Requirement: Within the lines below, the span from the line with "Level 7 Mens" to the line with "2021 Classic Cars 12x12 Wall Calendar", both ends included, is to be reproduced exactly, with pictures omitted.

Information supplied:
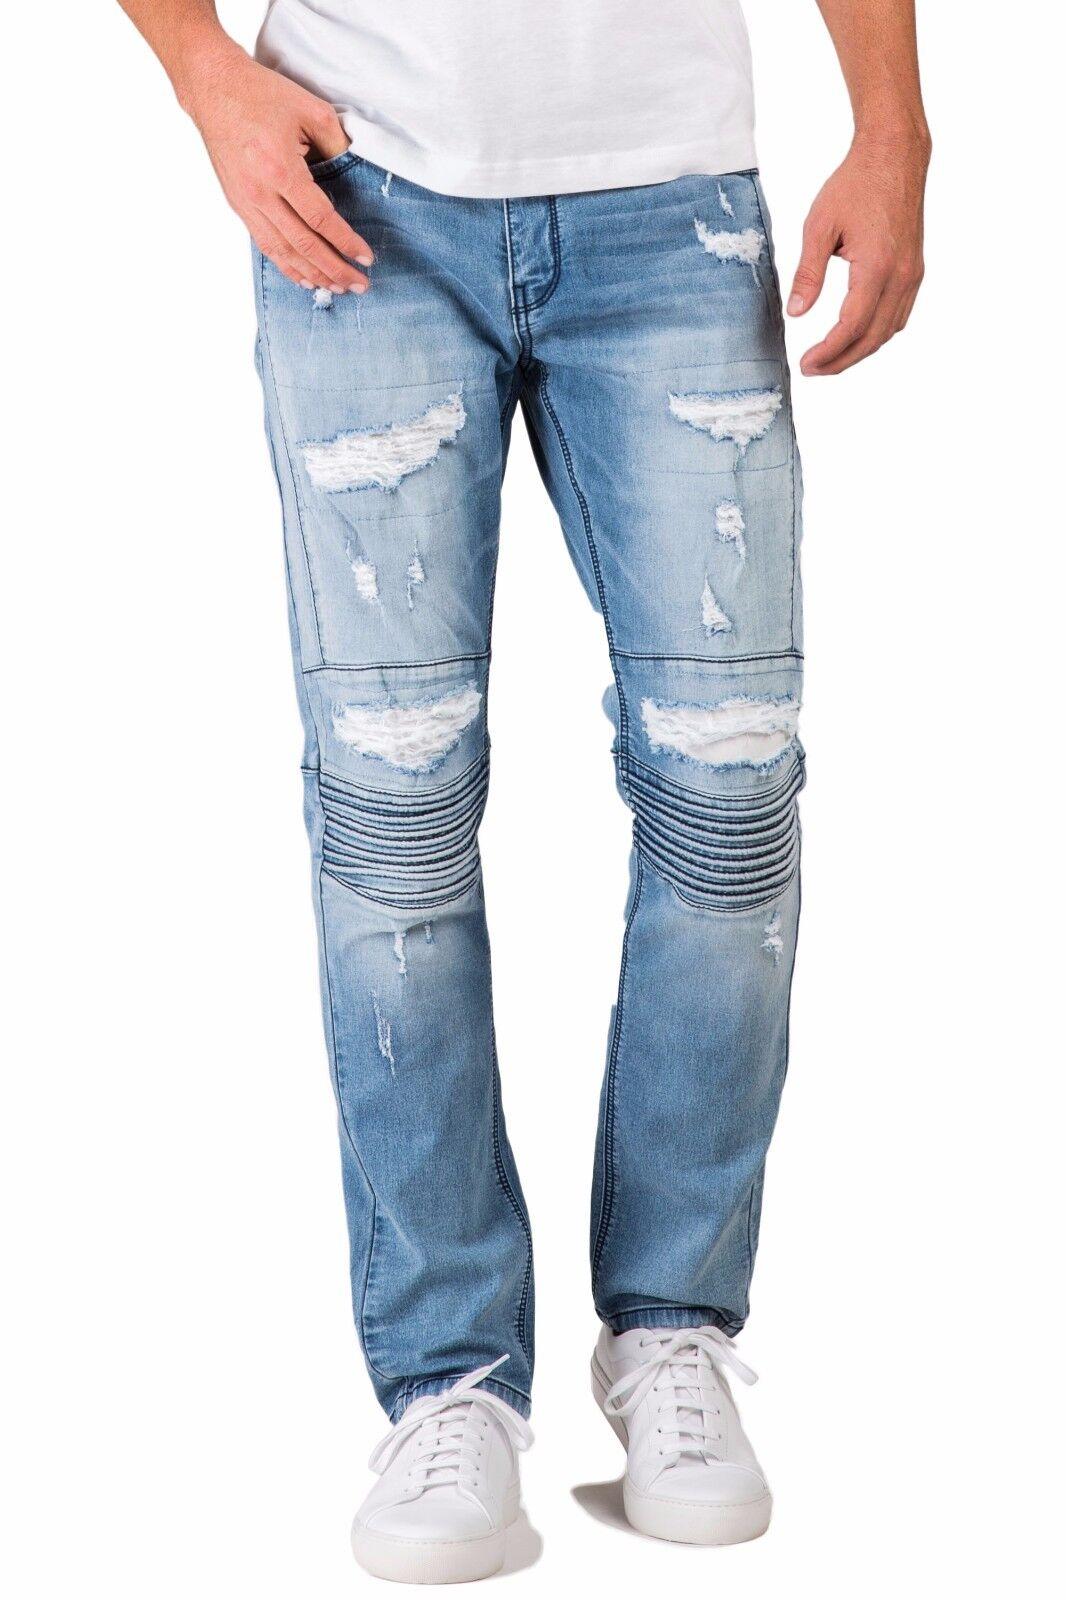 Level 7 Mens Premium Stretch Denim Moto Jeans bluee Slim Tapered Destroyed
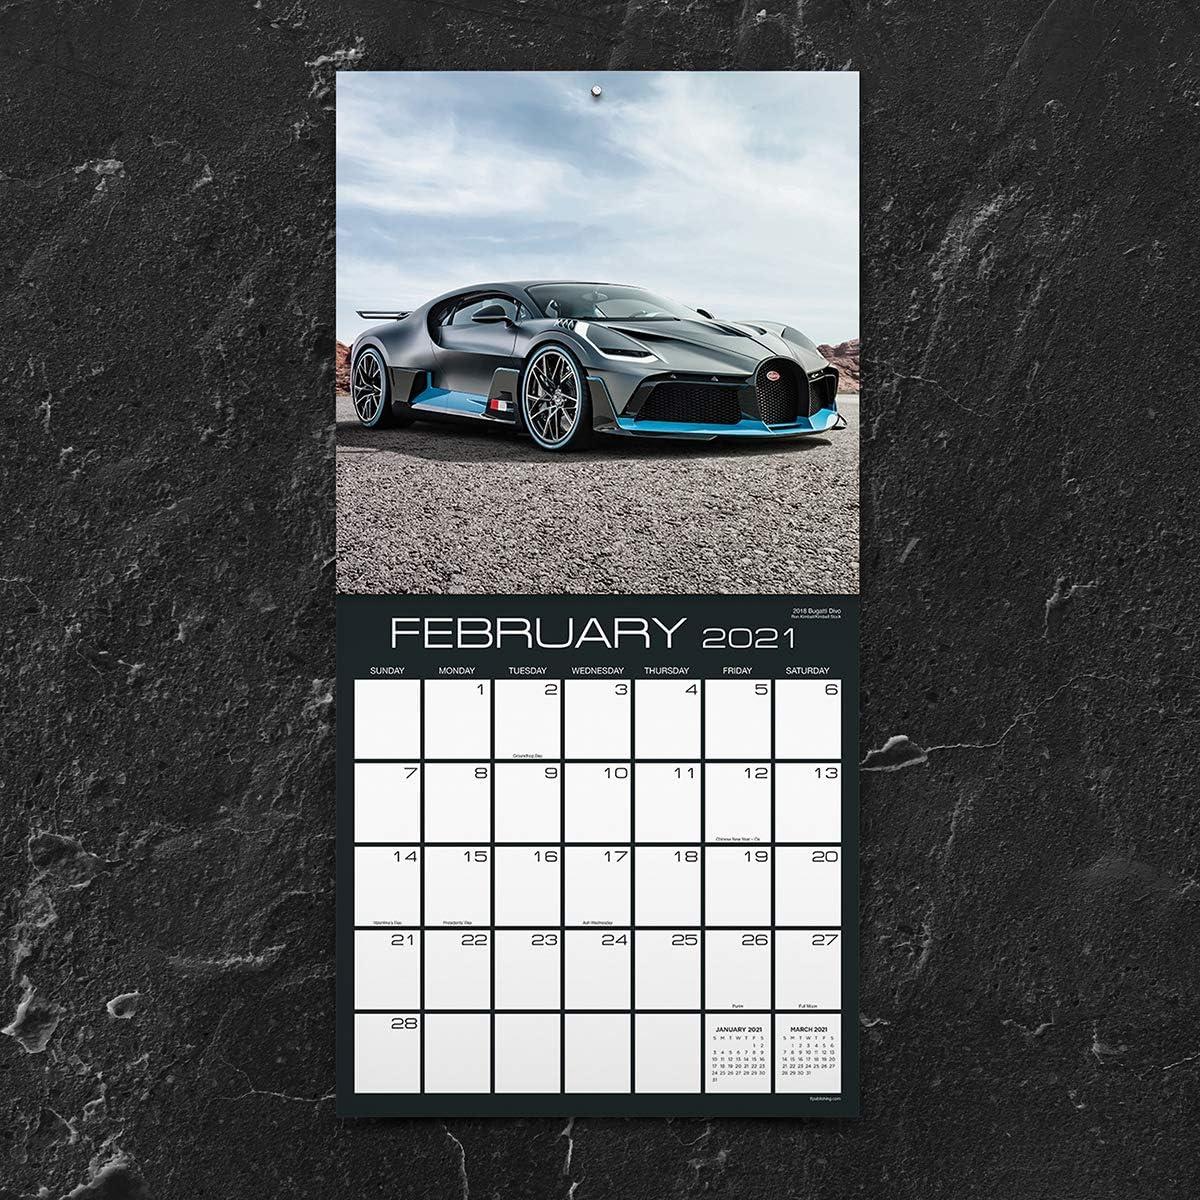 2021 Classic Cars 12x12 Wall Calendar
--
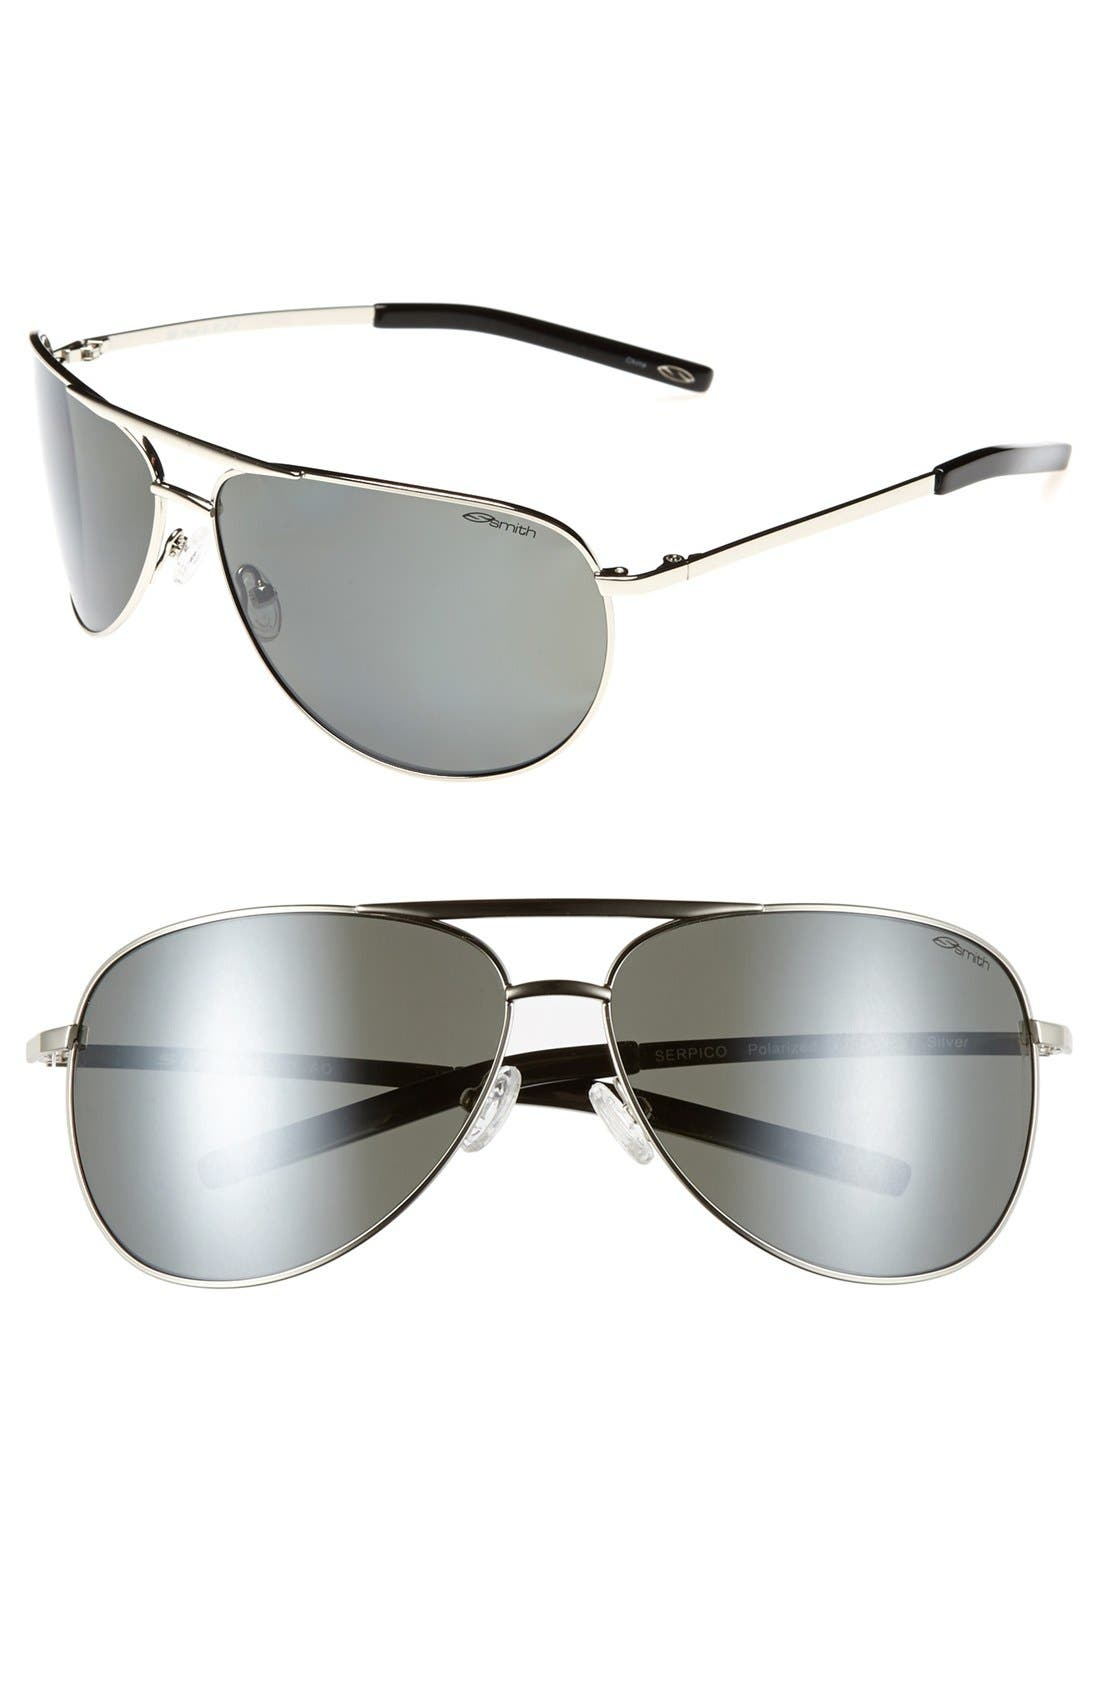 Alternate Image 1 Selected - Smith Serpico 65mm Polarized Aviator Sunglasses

Task output:
 Level 7 Mens Premium Stretch Denim Moto Jeans bluee Slim Tapered Destroyed
 2021 Classic Cars 12x12 Wall Calendar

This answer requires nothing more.